Author: Ji Eun SUNG ¹ ; Jun Young CHOI ; Ji Eun KIM ; Hyun Ah LEE ; Woo Bin YUN ; Jin Ju PARK ; Hye Ryeong KIM ; Bo Ram SONG ; Dong Seob KIM ; Chung Yeoul LEE ; Hee Seob LEE ; Yong LIM ; Dae Youn HWANG
Author Information

1. College of Natural Resources and Life Science/Life and Industry Convergence Research Institute, Pusan National University, Miryang, Korea. dyhwang@pusan.ac.kr
Publication Type:Original Article
Keywords: Asparagus cochinchinensis; hepatotoxicity; nephrotoxicity; saponin; histopathology
MeSH: Administration, Oral; Alanine Transaminase; Alkaline Phosphatase; Animals; Aspartate Aminotransferases; Blood Urea Nitrogen; Body Weight; Cell Line; Creatinine; Female; Humans; Kidney; L-Lactate Dehydrogenase; Liver; Male; Mice; Mice, Inbred ICR*; Models, Animal; Mortality; Organ Size; Pathology; Phenol; Phenotype; Saponins; Substance P
From:Laboratory Animal Research 2017;33(2):57-67
CountryRepublic of Korea
Language:English
Abstract: The inhibitory effects of Asparagus cochinchinensis against inflammatory response induced by lipopolysaccharide (LPS), substance P and phthalic anhydride (PA) treatment were recently reported for some cell lines and animal models.
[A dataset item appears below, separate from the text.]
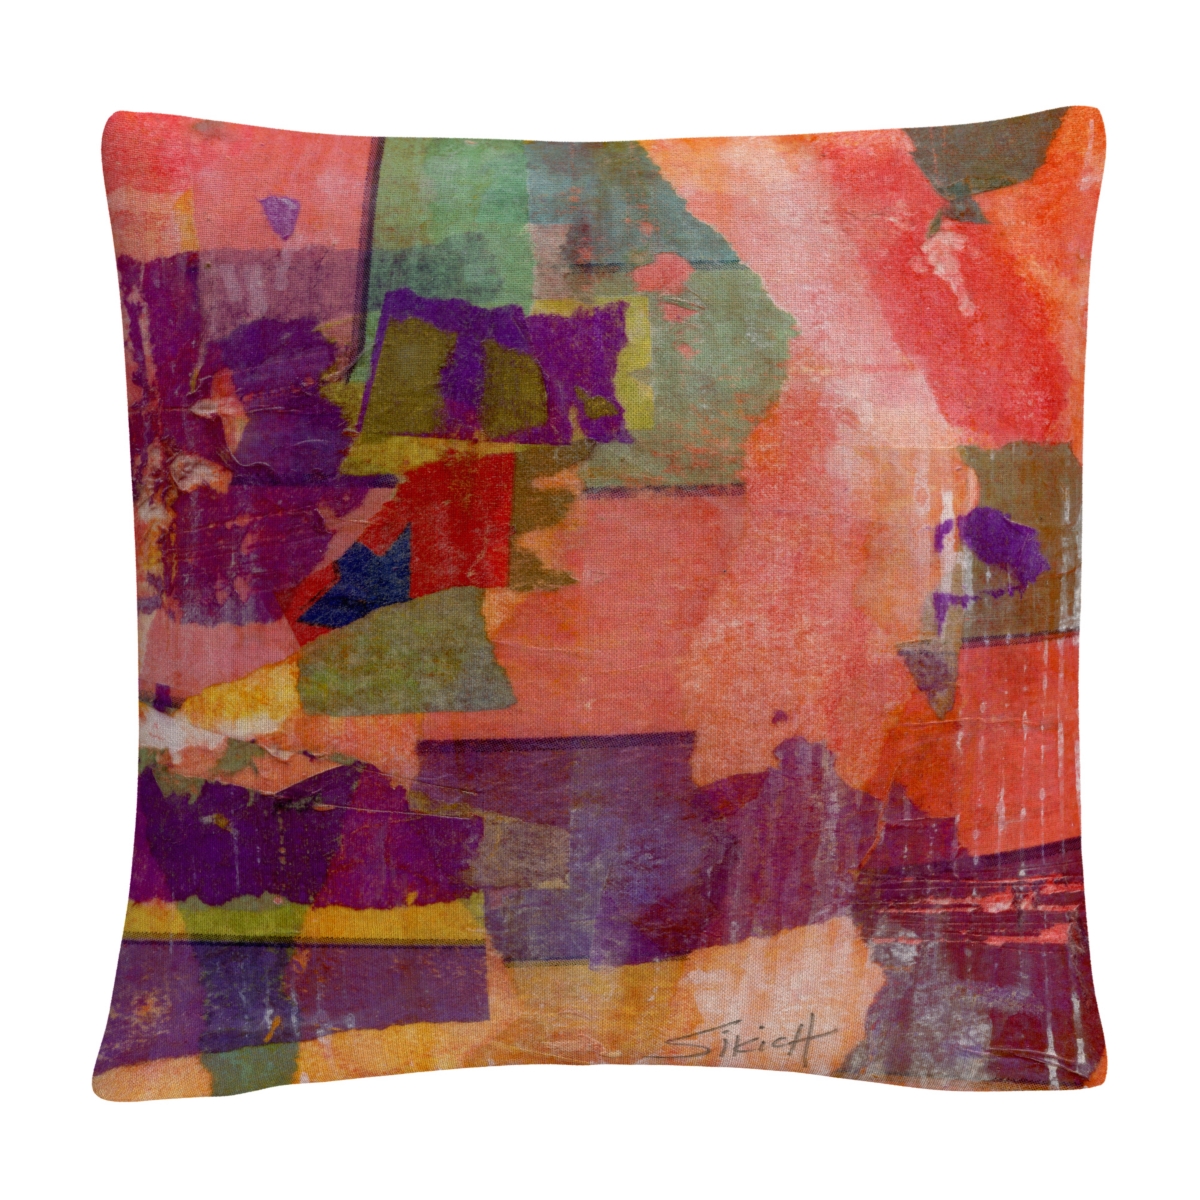 Anthony Sikich Wanderings Colorful Shapes Composition Decorative Pillow, 16 x 16

To evaluate the hepatotoxicity and nephrotoxicity of A. cochinchinensis toward the livers and kidneys of ICR mice, alterations in related markers including body weight, organ weight, urine composition, liver pathology and kidney pathology were analyzed in male and female ICR mice after oral administration of 150, 300 and 600 mg/kg body weight/day saponin-enriched extract of A. cochinchinensis (SEAC) for 14 days. The saponin, total flavonoid and total phenol levels were found to be 57.2, 88.5 and 102.1 mg/g in SEAC, respectively, and the scavenging activity of SEAC gradually increased in a dose-dependent manner. Moreover, body and organ weight, clinical phenotypes, urine parameters and mice mortality did not differ between the vehicle and SEAC treated group. Furthermore, no significant alterations were measured in alkaline phosphatase (ALP), alanine aminotransferase (ALT), aspartate aminotransferase (AST), lactate dehydrogenase (LDH), blood urea nitrogen (BUN) and the serum creatinine (Cr) in the SEAC treated group relative to the vehicle treated group. Moreover, the specific pathological features induced by most toxic compounds were not observed upon liver and kidney histological analysis. Overall, the results of the present study suggest that SEAC does not induce any specific toxicity in the livers and kidneys of male and female ICR mice at doses of 600 mg/kg body weight/day.